Difference Relay vs. NNVM

Hi, I tried to read everything I could find about TVM.

But I am still confused about Relay and NNVM:

In my understanding Relay is the IR, based upon Halide, which ist used for most optimizations in TVM. But what exactly is NNVM? I can’t find any information about it in the documentation.

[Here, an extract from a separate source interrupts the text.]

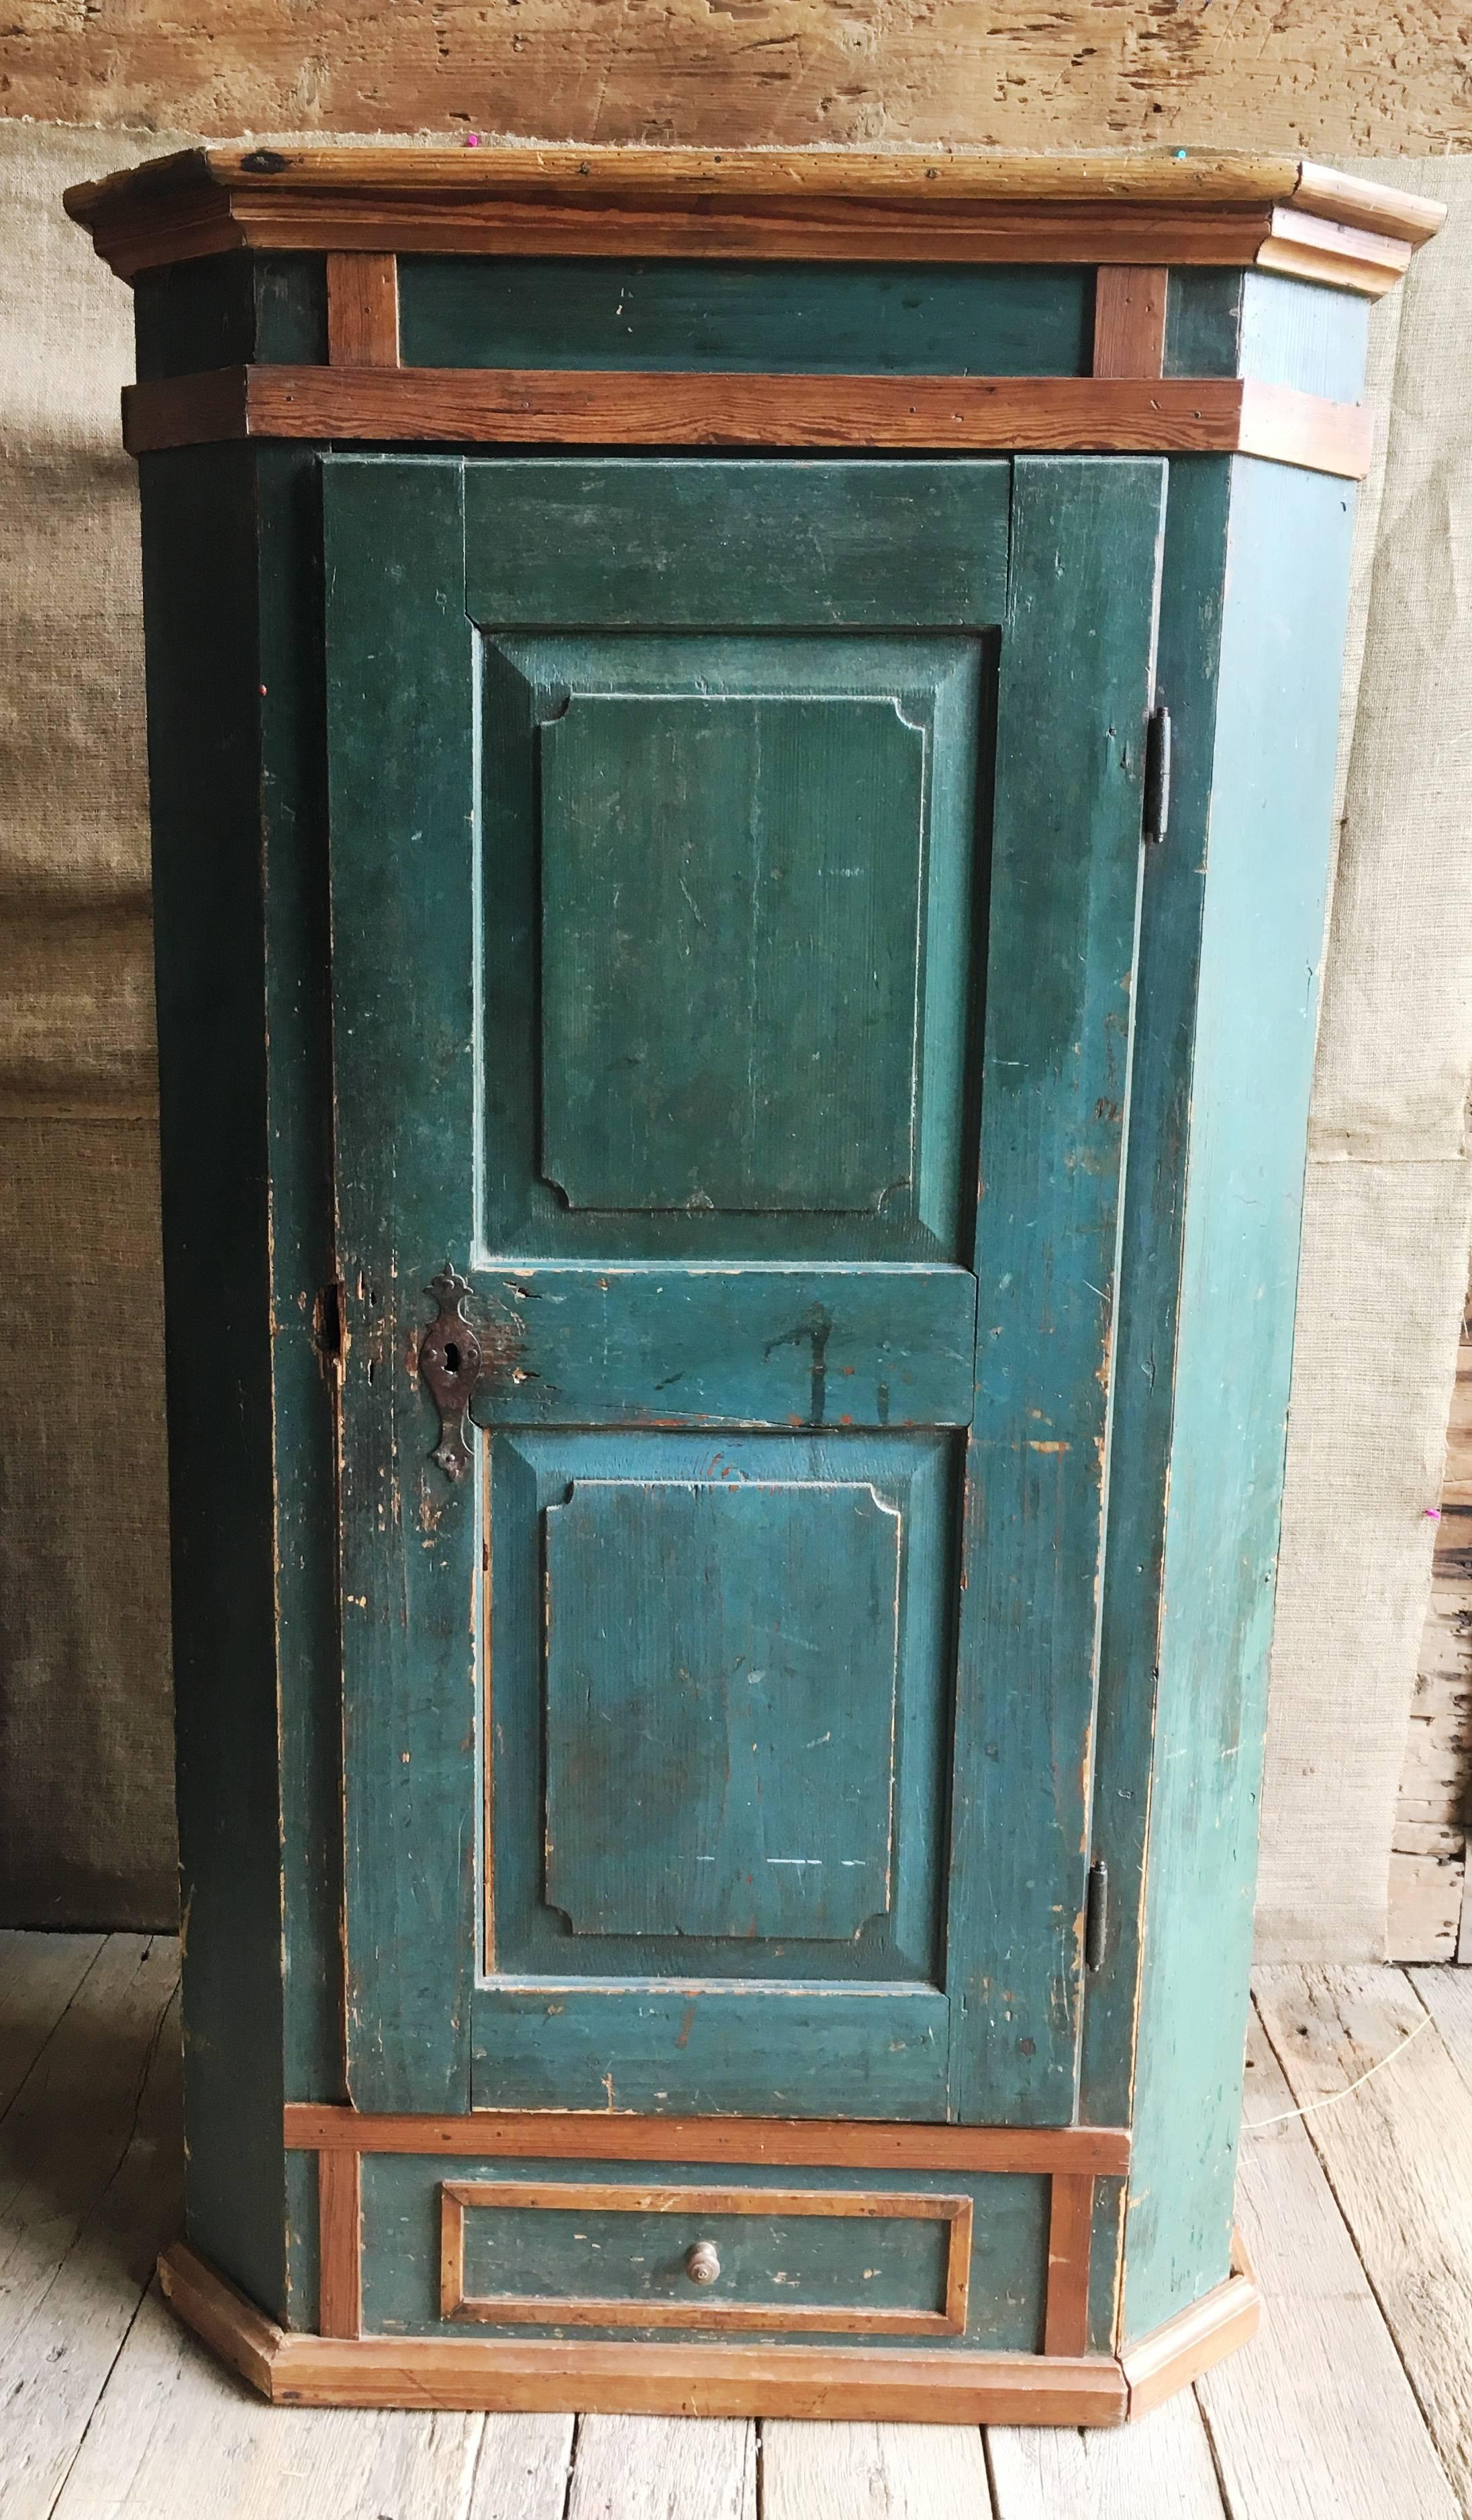 A charming 18th century painted pine single-door armoire or cupboard, probably Alps region, circa 1800 in original green-blue finish. The interior has hand-carved coat hooks and the front has a false drawer.

Relay is the higher level IR that expresses models in terms of operators, like conv2d or dense. There’s a lower level IR underneath this called TIR which operators like conv2d are lowered to. TIR looks quite similar to C if you print it and it’s what is ultimately lowered to LLVM IR/OpenCL/CUDA etc. Here’s a random snippet of TIR taken from the tutorials:

primfn(A_1: handle, B_1: handle) -> ()
  attr = {"global_symbol": "main", "tir.noalias": True}
  buffers = {B: Buffer(B_2: handle, float32, [n: int32], [stride: int32], type="auto"),
             A: Buffer(A_2: handle, float32, [n, m: int32], [stride_1: int32, stride_2: int32], type="auto")}
  buffer_map = {A_1: A, B_1: B} {
  for (i: int32, 0, n) {
    B_2[(i*stride)] = 0f32
    for (k: int32, 0, m) {
      B_2[(i*stride)] = ((float32*)B_2[(i*stride)] + (float32*)A_2[((i*stride_1) + (k*stride_2))])
    }
  }
}

It’s TIR that has the historical connection to Halide IR rather than Relay. NNVM was the precursor to Relay and as far as I’m aware is now deprecated, so you shouldn’t need to worry about it.

1 Like